Your task is to print all of the data below exactly, with no pictures included.

**MATERIAL PROVIDED:**
■ ■ ■ ■ ■ ■ ■
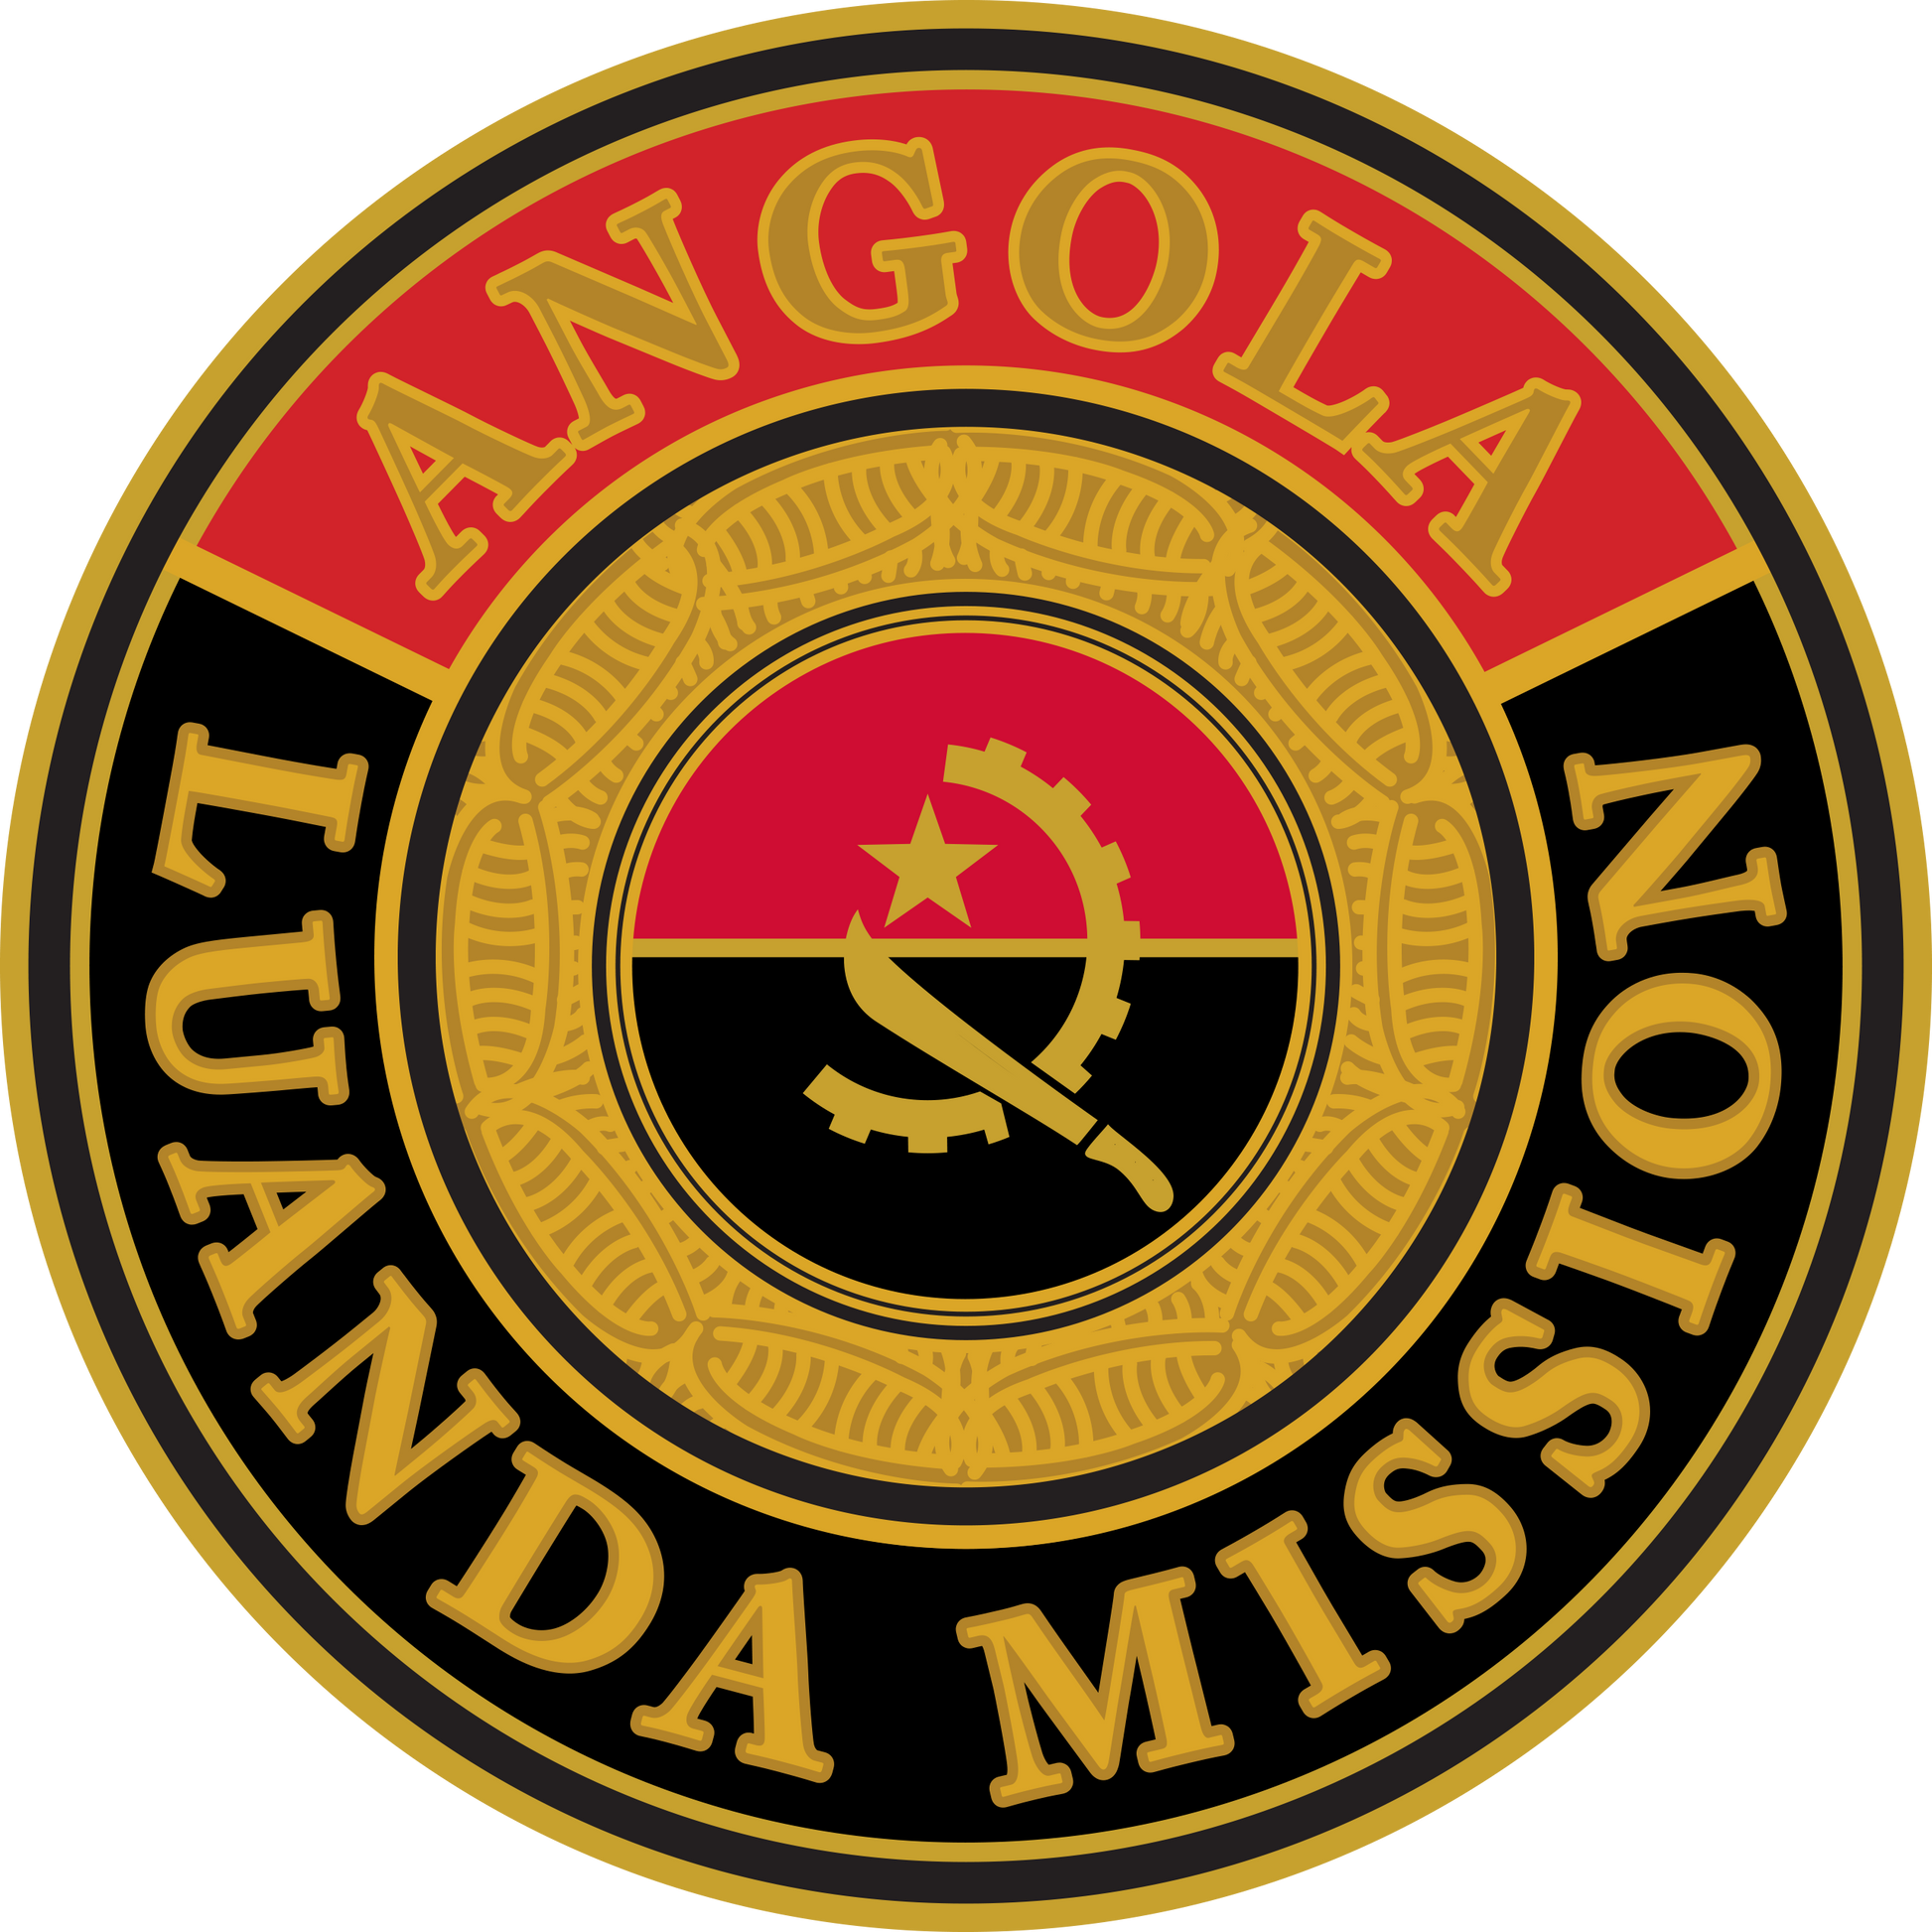 angola luanda mission decal
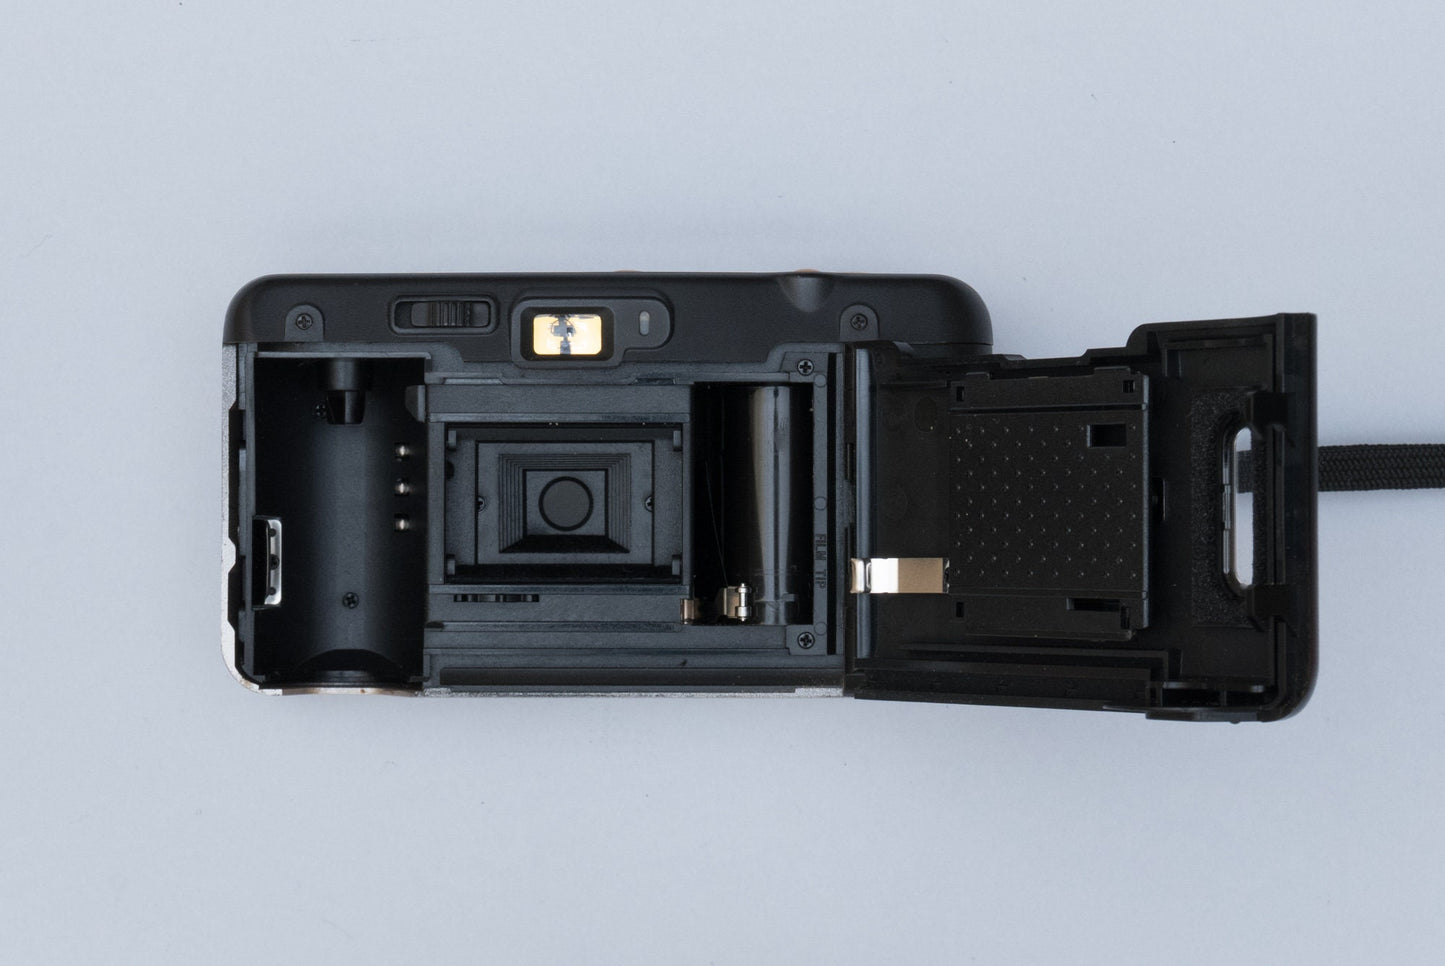 Voigtlander Vitolux Comfort AF Point and Shoot 35mm Compact Film Camera
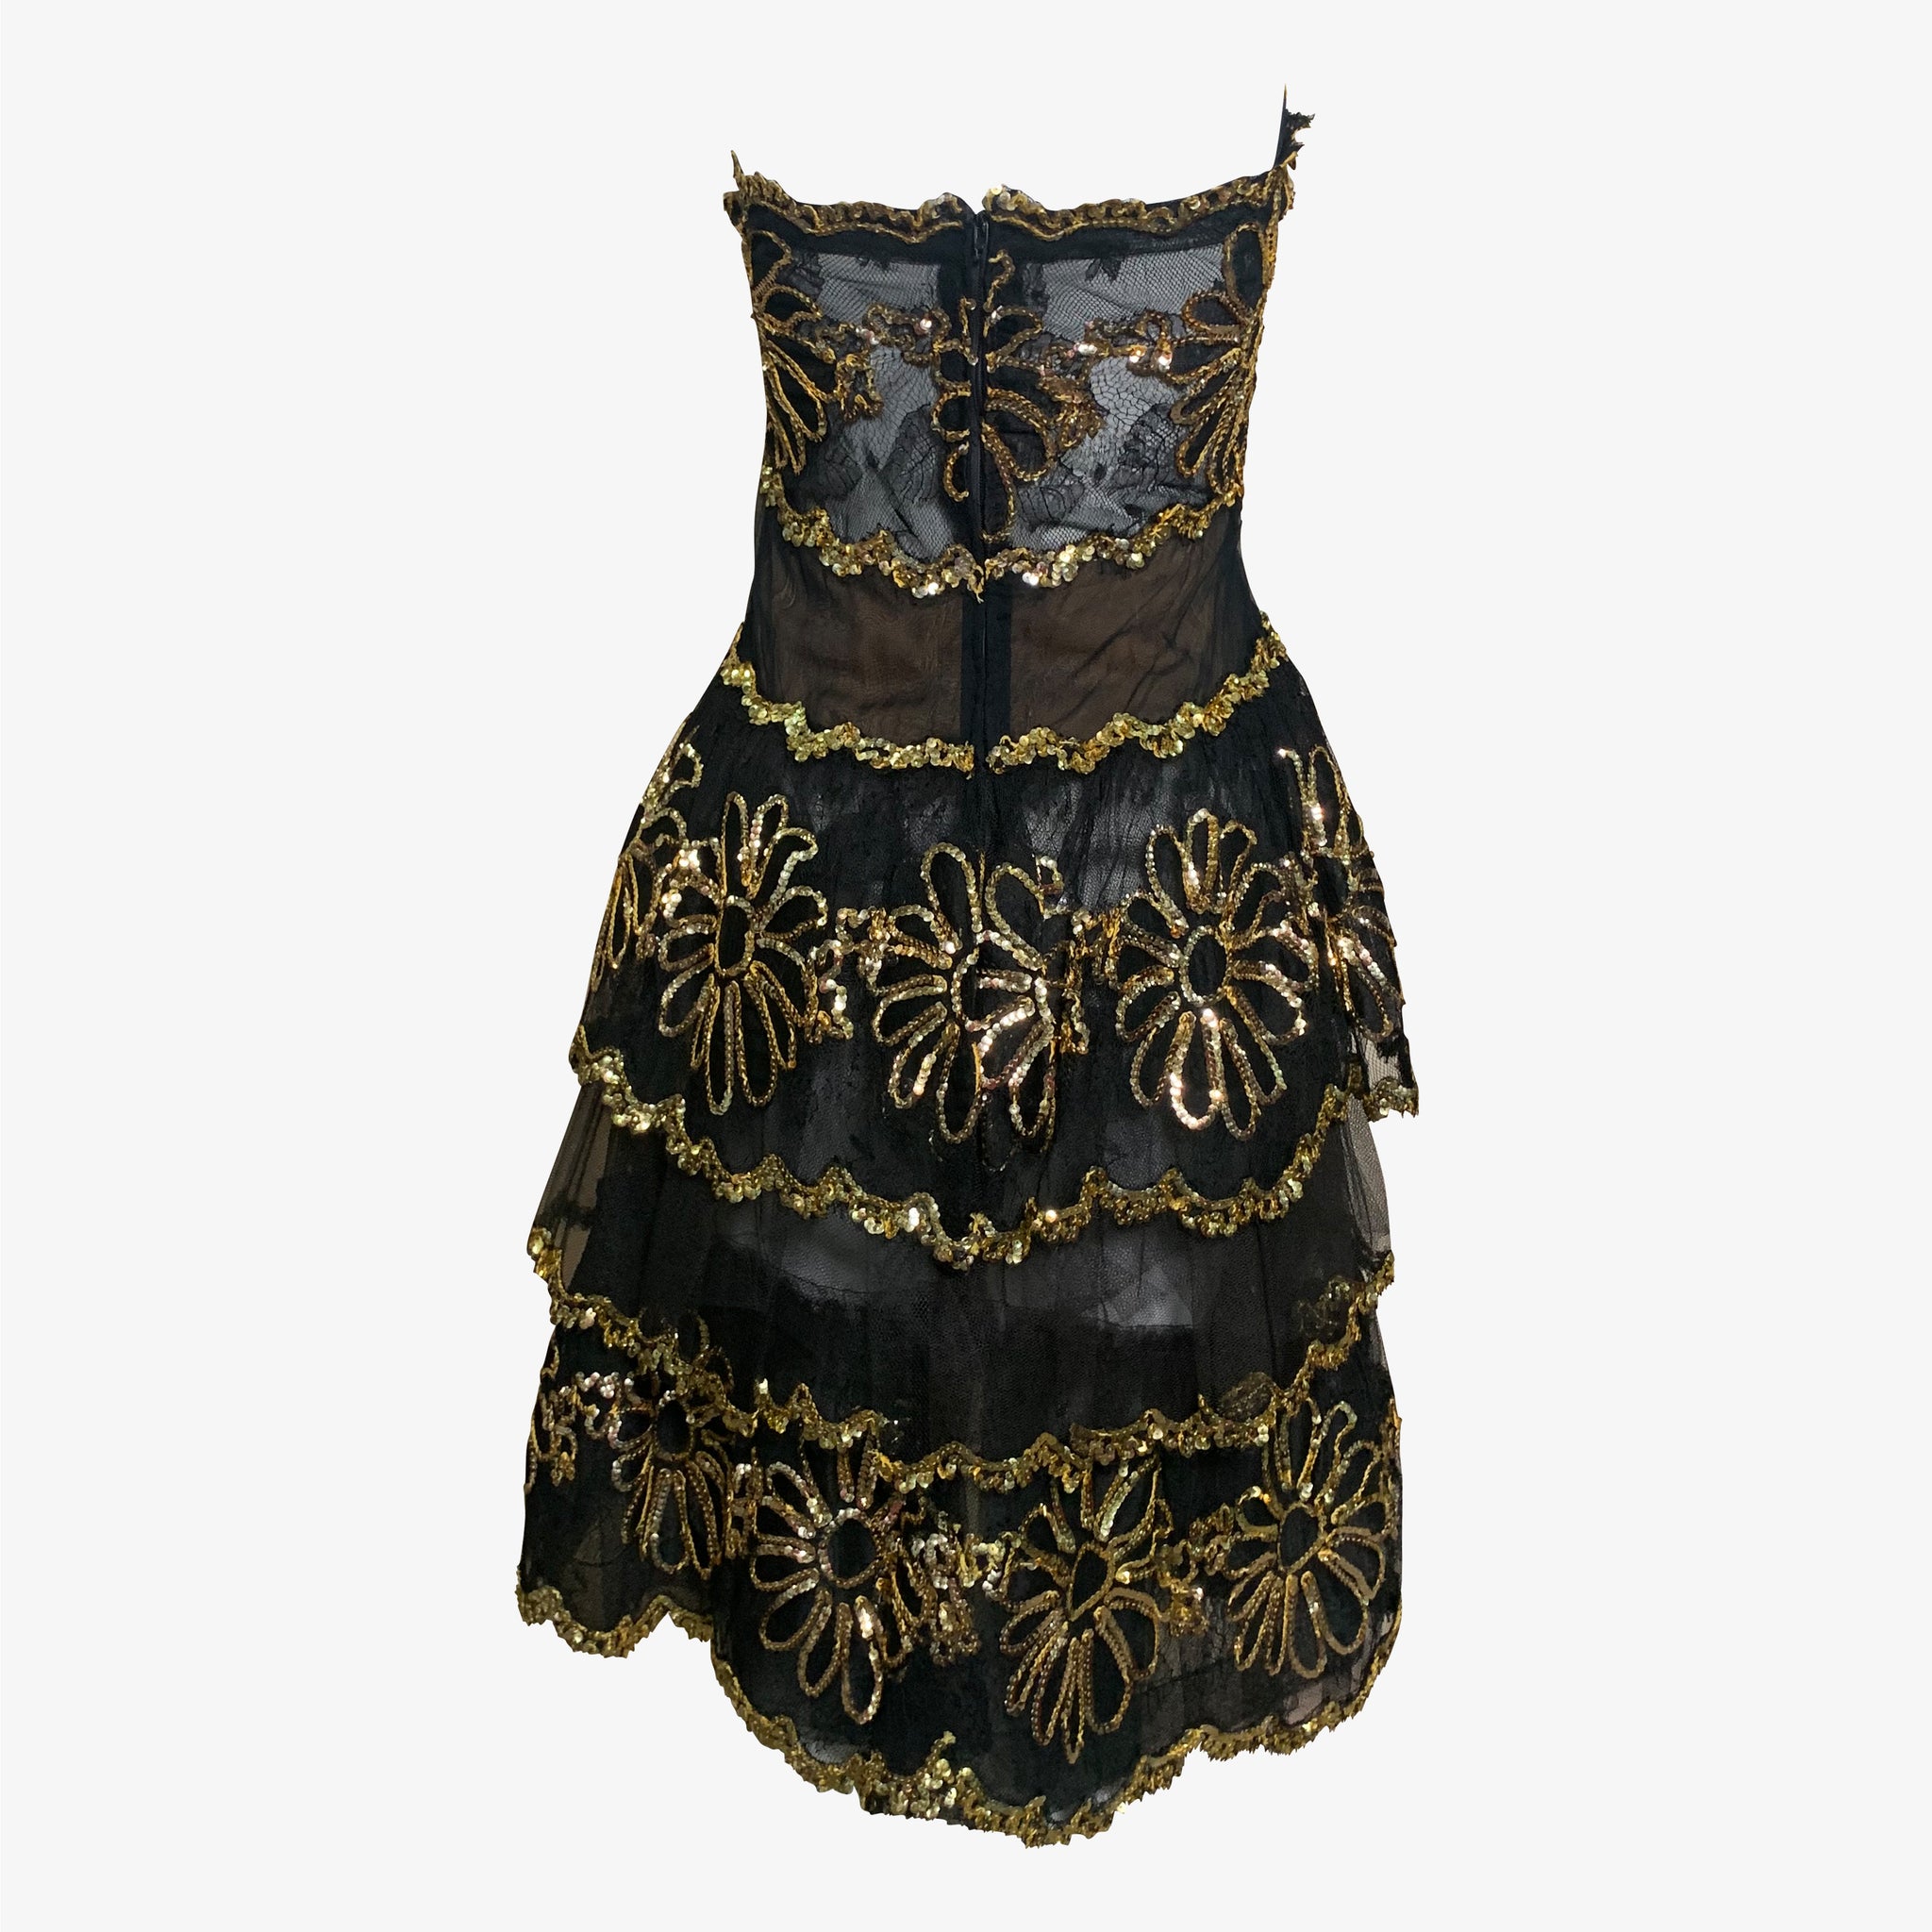 80s Black & Gold Sheer Strapless Embroidered Cocktail Dress, back
■ ■ ■ ■ ■ ■ ■
**ANSWER SECTION:**
 angola luanda mission decal
 Voigtlander Vitolux Comfort AF Point and Shoot 35mm Compact Film Camera
 80s Black & Gold Sheer Strapless Embroidered Cocktail Dress, back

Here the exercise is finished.